First run with the default provider downloads the model (Xenova/all-MiniLM-L6-v2, 384-dim, ~23 MB) from the Hugging Face hub and caches it on disk. Run npx smart-ai-cache setup first if you haven't installed @xenova/transformers.

The accuracy trade-off (the important part)

Semantic caching can return a confidently wrong answer. "What's the capital of France?" and "What's the capital of Germany?" sit around ~0.9 cosine similarity with most sentence-embedding models — close enough to wrongly share a cached answer if your threshold is too low. Set it too high and you get no hits. This is the core failure mode, and the library is designed around it:

  • High default threshold — 0.95. Conservative on purpose: prefer a miss over a wrong hit.
  • Per-call / per-route override for endpoints where you know the risk profile.
  • logNearMisses surfaces queries that fell just below the line, so you tune from real traffic instead of guessing.

This is the difference between "I wrapped a vector DB" and "I understood the failure mode."

Cost & latency honesty

The two tiers have very different cost profiles — be clear-eyed about it:

| Path | Latency | API key | Notes | |------|---------|---------|-------| | Exact-match hit | sub-millisecond | none | unchanged fast path | | Semantic hit (local) | ~10–50 ms warm | none | first call is slower while the model loads (cold start) | | Semantic hit (OpenAI provider) | network round-trip | yes | one embedding call per lookup |

So the semantic layer trades a small, real per-lookup cost for catching paraphrases the exact path would miss.

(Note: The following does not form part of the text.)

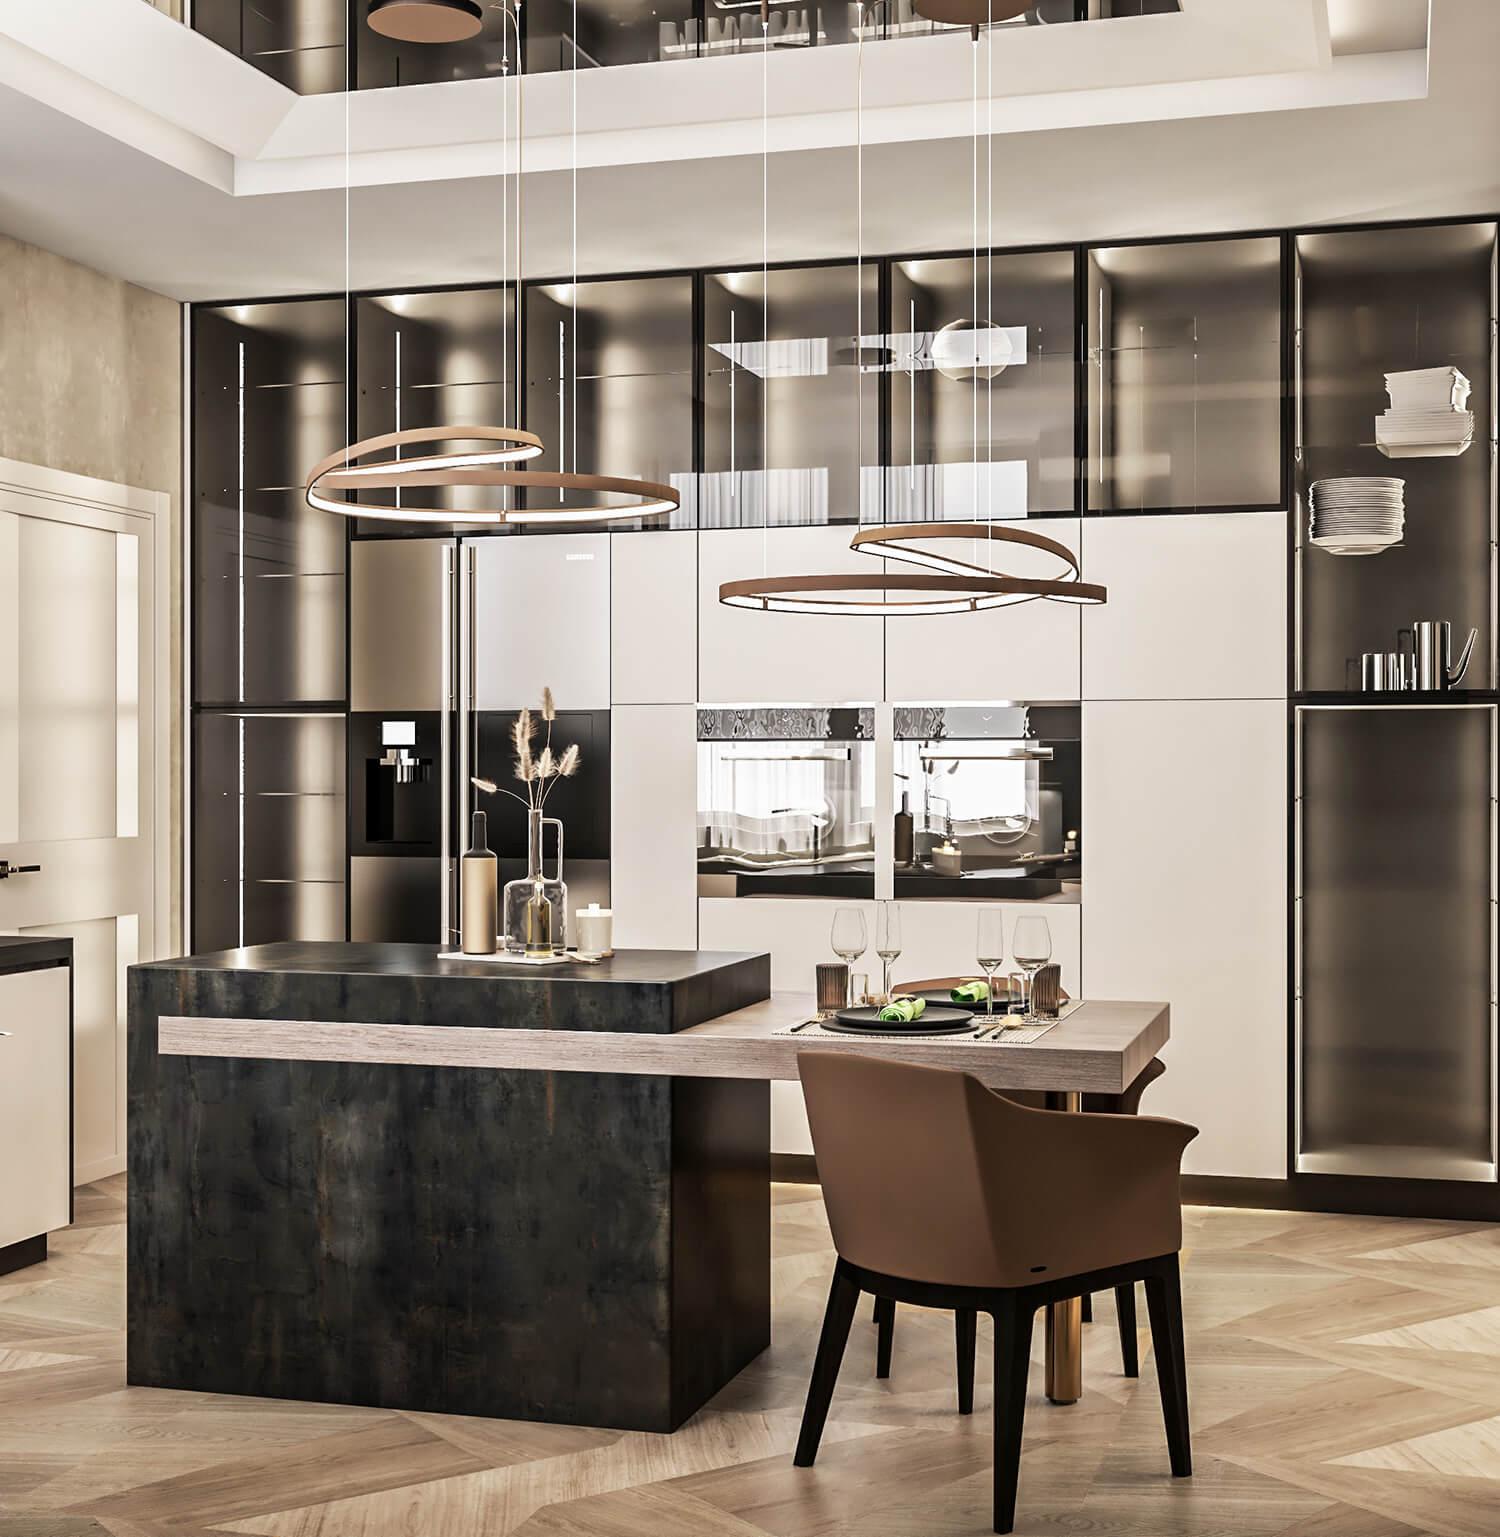 interioren-dizain-proekt-na-luksozna-kashta-kuhnia

Whether that's a win depends on your traffic — measure it (see Statistics).

Embedding providers

import {
  AIResponseCache,
  LocalEmbeddingProvider,   // default — local, zero API key
  OpenAIEmbeddingProvider,  // opt-in — higher quality, needs a key
} from 'smart-ai-cache';

// Default (implicit):
new AIResponseCache({ semantic: { enabled: true } });

// Pick a different local model:
new AIResponseCache({
  semantic: { enabled: true, model: 'Xenova/all-MiniLM-L12-v2' },
});

// Use OpenAI embeddings (no @xenova/transformers needed):
new AIResponseCache({
  semantic: {
    enabled: true,
    provider: new OpenAIEmbeddingProvider({ apiKey: process.env.OPENAI_API_KEY }),
  },
});

Bring your own by implementing the interface:

import { EmbeddingProvider } from 'smart-ai-cache';

class MyEmbeddings implements EmbeddingProvider {
  readonly id = 'my-embeddings';
  async embed(text: string): Promise<number[]> {
    /* call your model, return a vector */
  }
}

new AIResponseCache({ semantic: { enabled: true, provider: new MyEmbeddings() } });

Vector stores (one Redis for everything)

The vector store is auto-selected to match your storage backend, so you never run two databases:

| storage | Default vector store | What it means | |-----------|----------------------|----------------| | 'memory' (default) | MemoryVectorStore | in-process, brute-force cosine | | 'redis' | RedisVectorStore | the same plain Redis as the exact-match cache |

RedisVectorStore uses plain Redis — vectors live in a single Redis hash and cosine is computed in Node. No Redis Stack / RediSearch module required. One ordinary Redis server (e.g. redis:7-alpine) backs both tiers:

const cache = new AIResponseCache({
  storage: 'redis',
  redisOptions: { host: 'localhost', port: 6379 },
  semantic: { enabled: true },   // vectors persist in the same Redis, shared across instances
});

It's brute-force (O(n) per lookup), which is fine for cache-sized working sets; swap in a native index later via the VectorStore interface if you outgrow it.

Tuning the threshold

const cache = new AIResponseCache({
  semantic: {
    enabled: true,
    threshold: 0.95,        // global default
    topK: 1,                // neighbours fetched per lookup
    logNearMisses: true,    // log scores that fell just under threshold
  },
});

// Per-call override — e.g. a stricter bar for a high-stakes route:
await cache.wrap(callLLM, {
  provider: 'openai', model: 'gpt-4o',
  prompt: messages,
  semantic: { threshold: 0.97 },
});

// Or disable semantic for one call even when globally on:
await cache.wrap(callLLM, {
  provider: 'openai', model: 'gpt-4o', prompt: messages,
  semantic: { enabled: false },
});

Turn on logNearMisses, watch getStats().nearMisses and the debug logs on real traffic, then lower/raise threshold deliberately.


Storage options

Memory (default)

const cache = new AIResponseCache({
  storage: 'memory',   // default
  maxSize: 1000,       // LRU eviction beyond this
  ttl: 3600,           // seconds
});

Fastest possible; not shared across instances; lost on restart.

Redis

const cache = new AIResponseCache({
  storage: 'redis',
  redisOptions: { host: 'localhost', port: 6379, password: process.env.REDIS_PASSWORD },
  keyPrefix: 'ai-cache:',
  ttl: 7200,
});

Persistent, shared across instances, with automatic fallback to memory if Redis is unavailable at startup. A single plain Redis serves both the exact-match and semantic tiers — see Vector stores.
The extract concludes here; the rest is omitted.